» Material for the task
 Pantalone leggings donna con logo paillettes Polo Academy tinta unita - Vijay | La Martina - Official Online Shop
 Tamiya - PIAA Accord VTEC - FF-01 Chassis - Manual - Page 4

==

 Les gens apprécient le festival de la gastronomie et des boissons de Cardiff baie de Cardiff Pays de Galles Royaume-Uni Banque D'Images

» Directions
All that belongs in the answer is the run of lines above from the line containing "Pantalone leggings donna" through the line containing "Tamiya - PIAA", exactly as written.

» Output
 Pantalone leggings donna con logo paillettes Polo Academy tinta unita - Vijay | La Martina - Official Online Shop
 Tamiya - PIAA Accord VTEC - FF-01 Chassis - Manual - Page 4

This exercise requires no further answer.